My heart constricted. How could Nate compartmentalize so well? Seth Sky was dead. No, God—I couldn’t believe that. Thumbs-up … we gave each other a thumbs-up after he cleaned the word “slut” off my car. I saw his sad smile. He was so alive.
“When he got sober,” Nate continued, “he wanted to leave everything behind. Ella and Rick, the East Coast. He bought a place in Montana and stayed there awhile, then moved to Denver … maybe to be close to his agent, I don’t know. She was his only friend for a while.”
I leaned against the house and shuddered.
Matt knew almost everything about me—he’d teased out my life story during our first few phone calls—and I knew almost nothing about him.
One dry, hoarse sob escaped me.
What if I never got the chance?
I slid to the ground, folding under the weight of guilt. Seth was gone. He’d needed someone, anyone, and no one helped him.
It would serve me right if Matt was gone, too, because I didn’t deserve him. He’d come alongside me for a while, never belonging to me, and now he was gone.
“Hannah, you’ve got to hold it together.”
“I can’t. How? How are you doing it?”
“Faith,” he said.
“I don’t have any faith.”
I heard sirens—a faint tremolo growing louder—and soon I saw blue and red lights flashing in the dark.
*
When the police and paramedics arrived, I had to get off the phone with Nate, which made me cry.
“You’re all right,” he said. “I’m here; I’m not going anywhere. I’ll be buying a ticket to fly out tomorrow. Call me back as soon as you can.”
Then I sat in the kitchen with a female officer and told her everything.
Her partner searched the house.
Another group of officers combed the property, their flashlight beams glancing eerily off the windows and their calls making me flinch. Matthew Sky! Matt Sky! Matt!
Lost boy, I thought, just like Seth. And I had played a cruel game with Seth’s heart. Matt had played a cruel game with Seth’s mind. I should disappear, too … join them …
“Miss Catalano?”
“Huh? Sorry. What was the question?”
“We need some assurance from you that this isn’t another hoax. We’re exhausting lifesaving resources here and—”
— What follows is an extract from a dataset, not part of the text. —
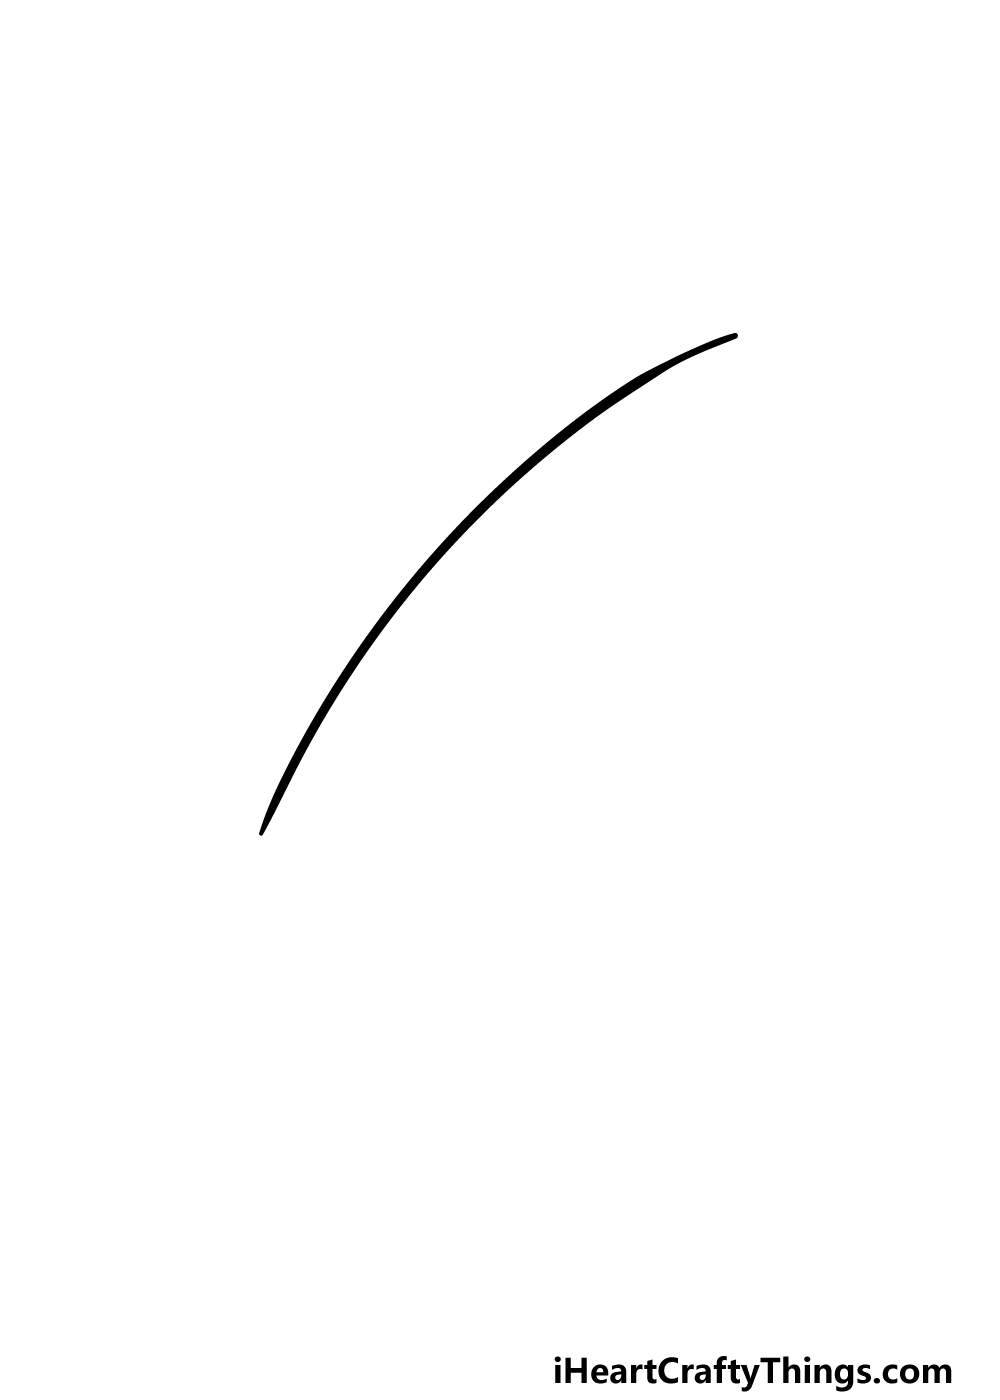 how to draw a fishing pole step 1

“It’s not a hoax.” I rubbed my eyes. When the officers had arrived, they’d strolled up to the house—hands on belts, no hurry—exchanging weary looks. I couldn’t blame them. Matt and I had cried “wolf” last year and the whole nation heard our cry. Search-and-rescue teams had risked their lives in the mountains, looking for the missing author. More than once, I’d sat down just like this, feeding lies to the police. People had grieved for him. Seth had grieved …
Tears of fear and frustration seeped into my fingers.
“Please,” I said. “I’m sorry. Please find him.”
Hannah, you’ve got to hold it together.
I sent up a prayer for strength.
I said to God: Don’t make me pay for my sins with his life.
The officer’s partner returned to the kitchen.
“All clear,” he said. “I’m going to help outside.”
An hour later, only one police car and the ambulance remained. The female officer began talking me through filing a missing-persons report. “You can do that tomorrow at the station,” she said. Her radio buzzed. “Take notes on what you remember tonight—”
“You can’t”—I clutched my cell—“you can’t go. He has to be…”
What was Matt wearing? Why couldn’t I remember?
“Ma’am, we have to—” Her radio buzzed again and a garbled voice said something. She walked away and responded. I clung to the counter.
Was this how my happiness ended?
“Miss Catalano,” said the officer. “They’ve found him.”